— GOAL OF THE EXERCISE —
Please return the full listing exactly as written, with the images removed.

— EXERCISE DATA —

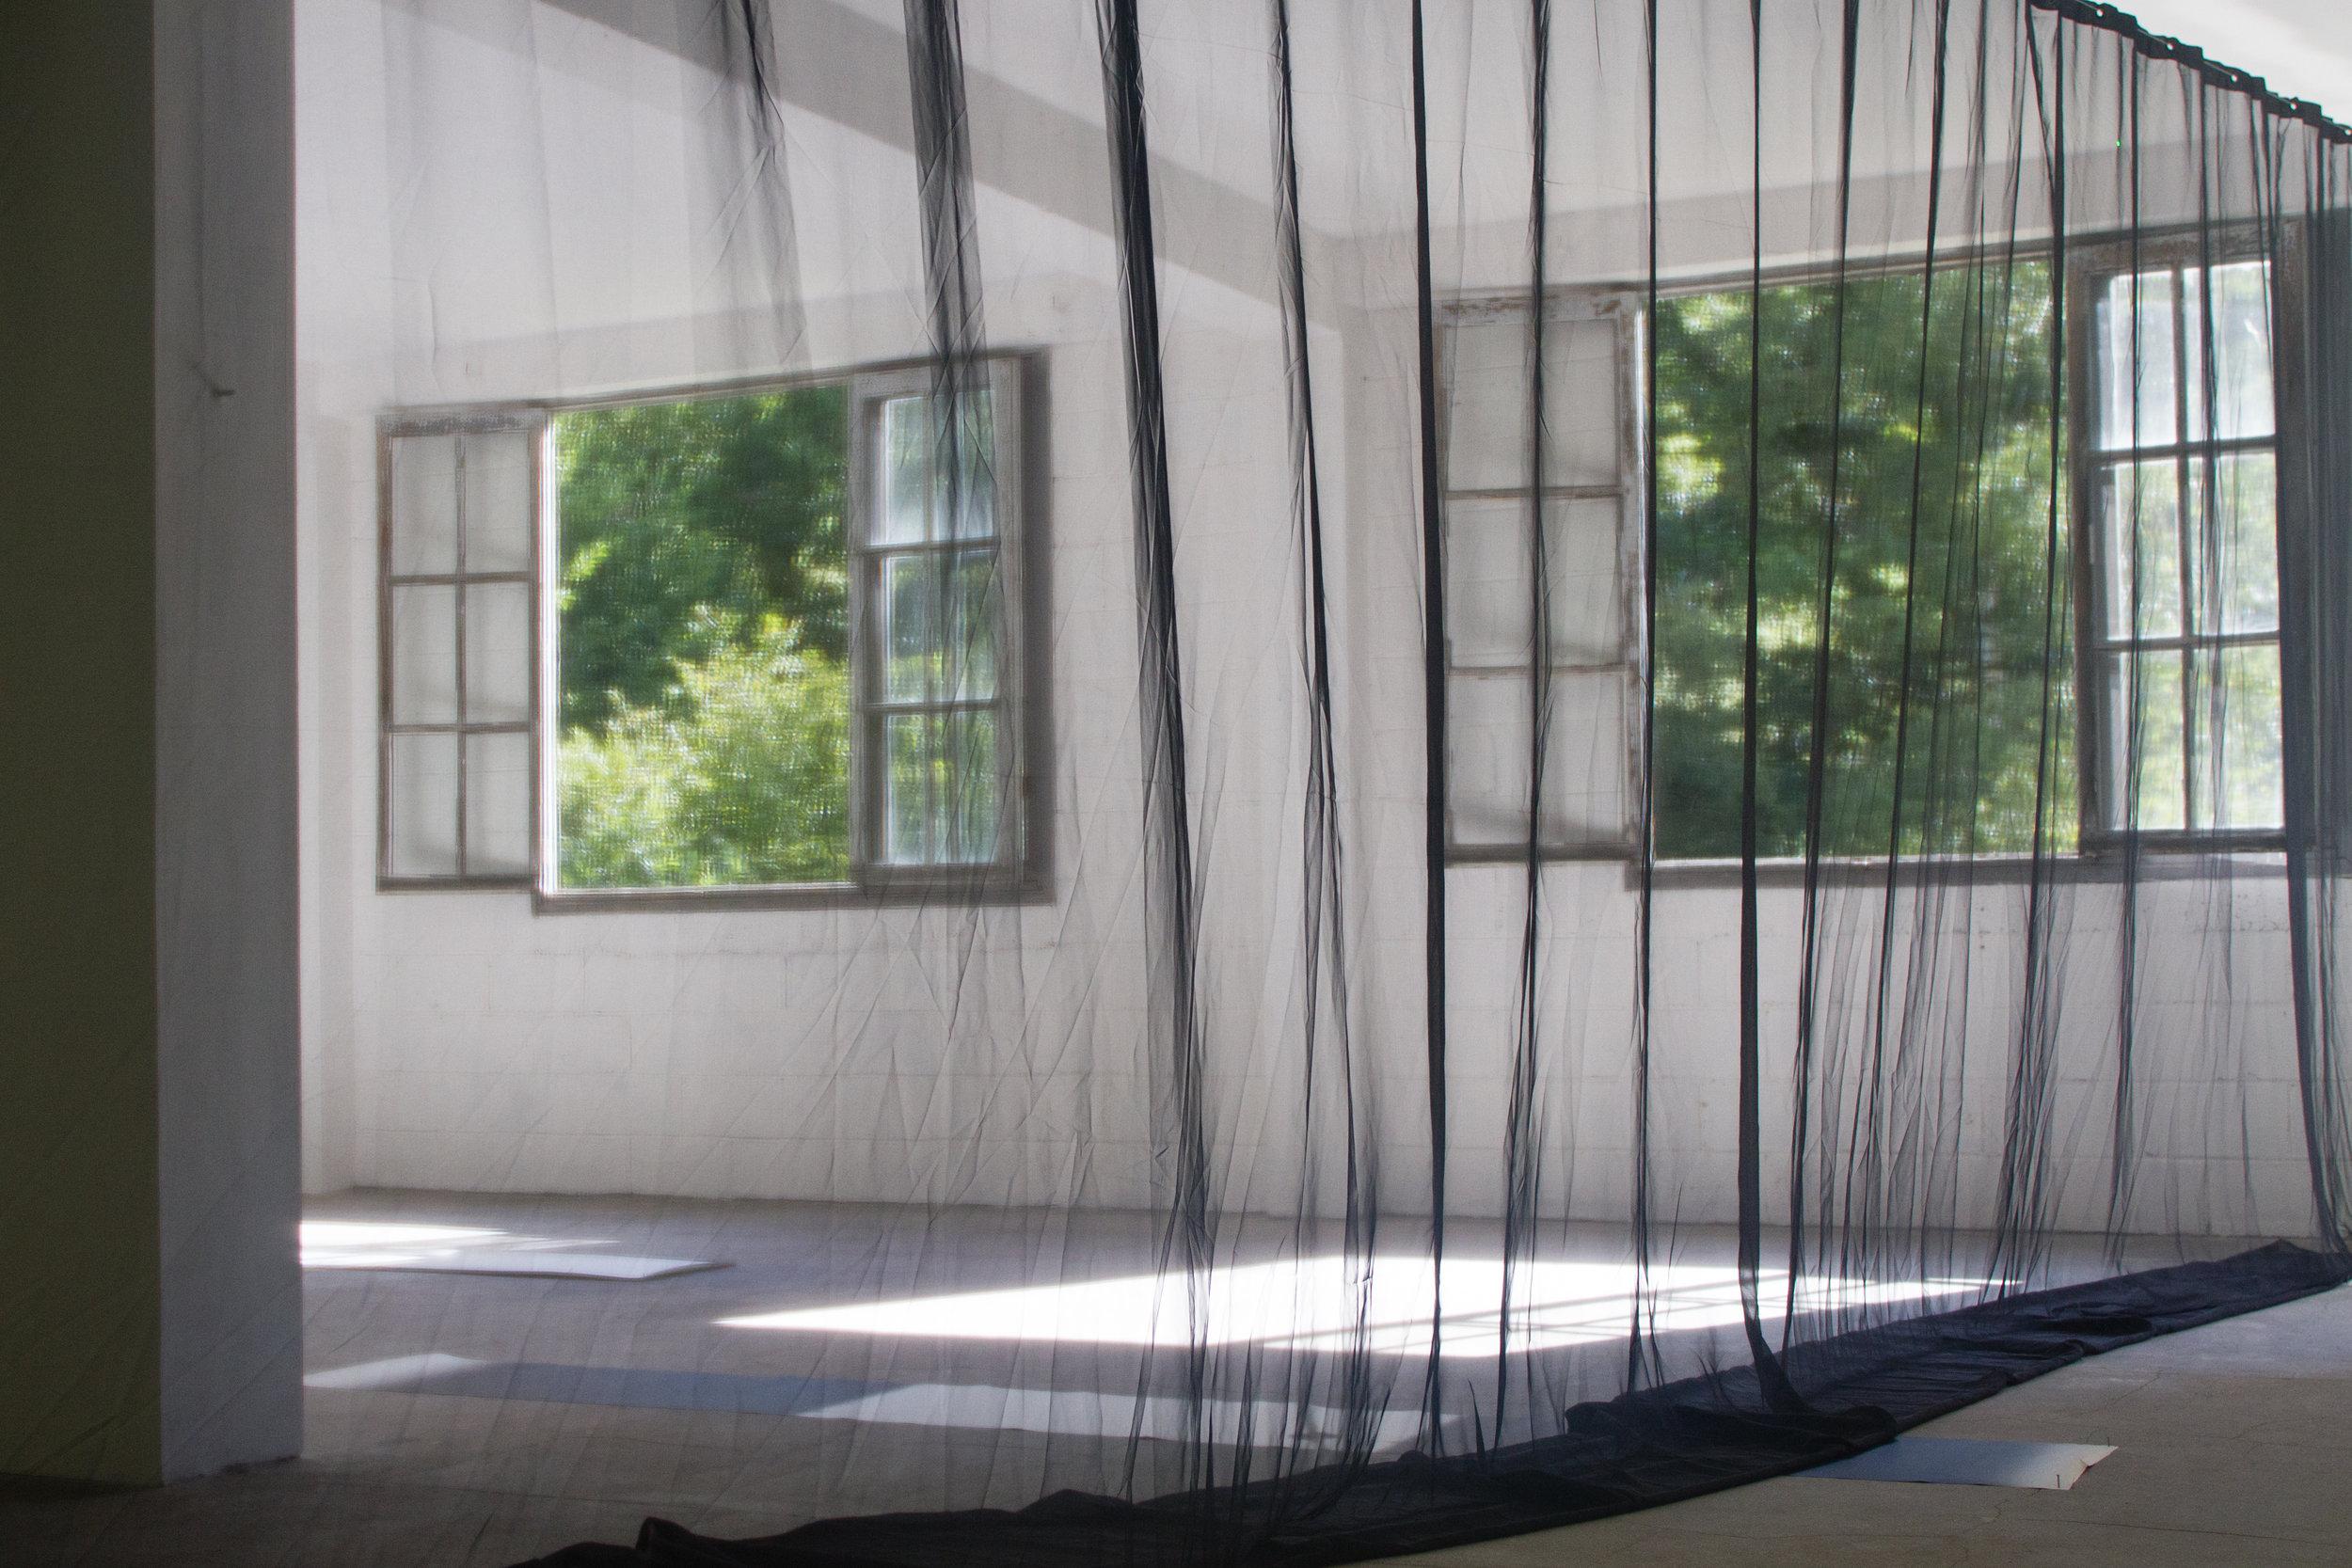 Jason Hendrik Hansma,  Éclisse , 2018, Chiffon curtaining and 200 milliwatt laser, 400 x 1000 cm into 288 x 940 cm
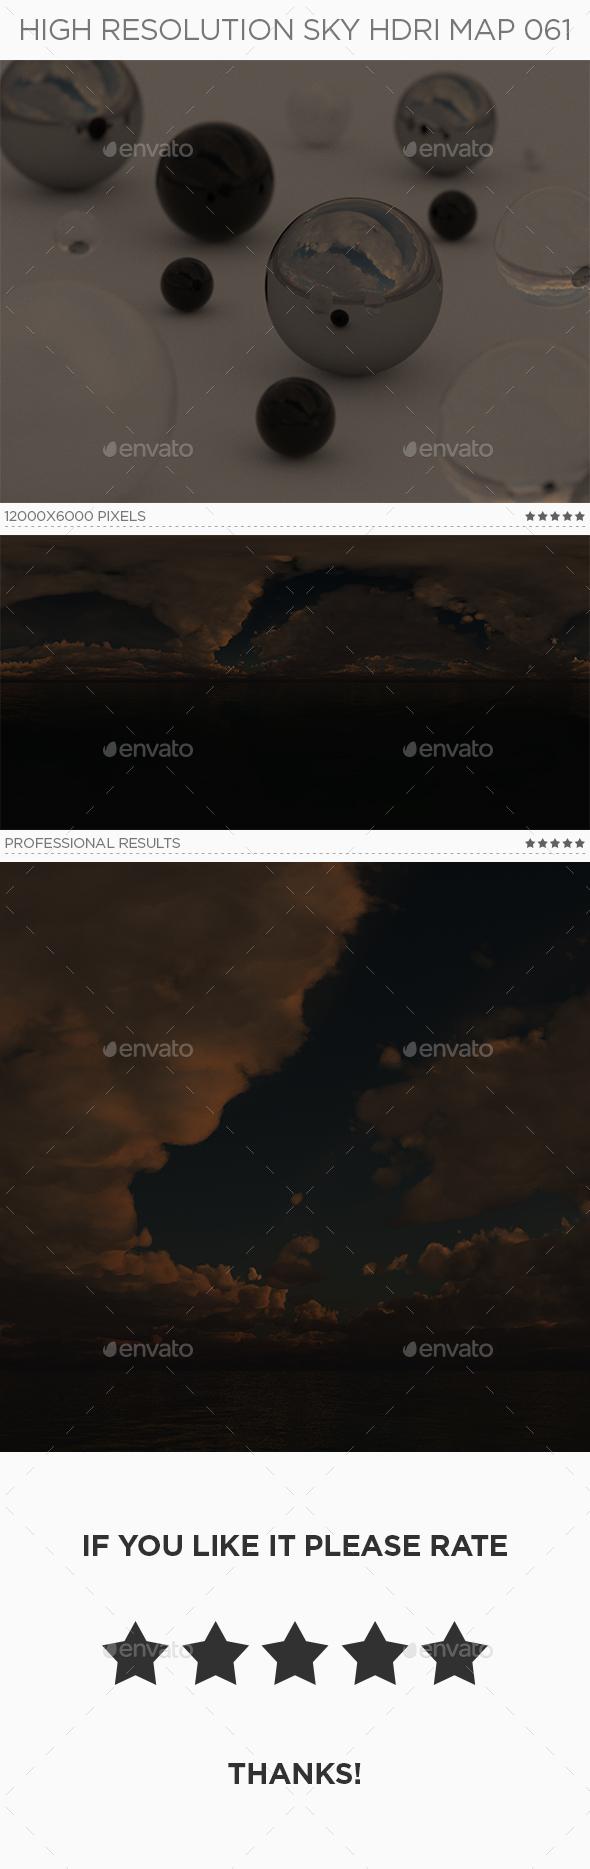 High Resolution Sky HDRi Map 061 - 3DOcean Item for Sale
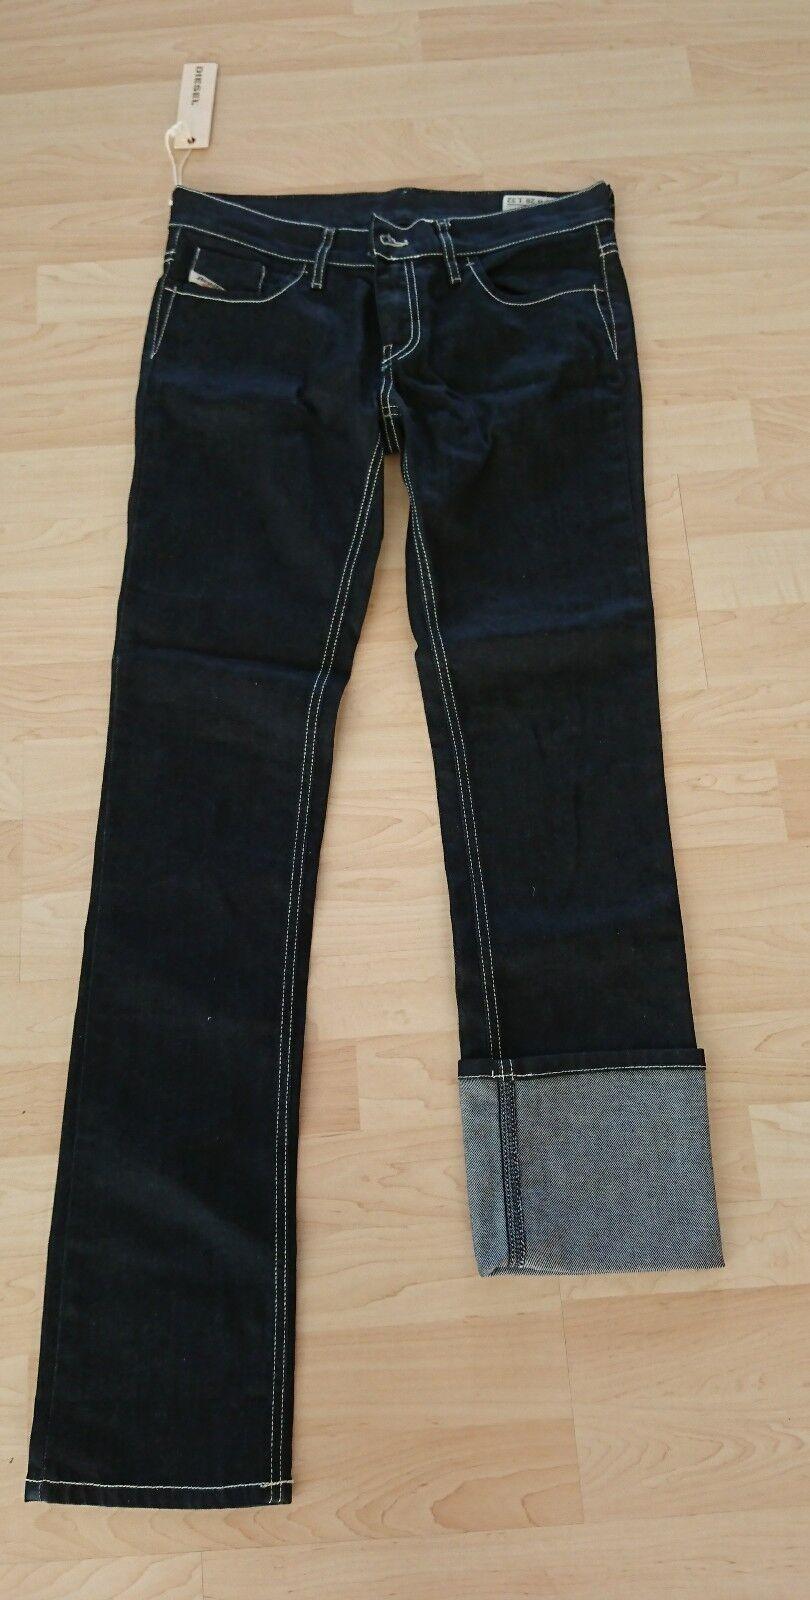 Diesel Jeans, LIV LIV LIV W28 | Feinbearbeitung  a67c24

— EXERCISE RESPONSE —
 Jason Hendrik Hansma,  Éclisse , 2018, Chiffon curtaining and 200 milliwatt laser, 400 x 1000 cm into 288 x 940 cm
 High Resolution Sky HDRi Map 061 - 3DOcean Item for Sale
 Diesel Jeans, LIV LIV LIV W28 | Feinbearbeitung  a67c24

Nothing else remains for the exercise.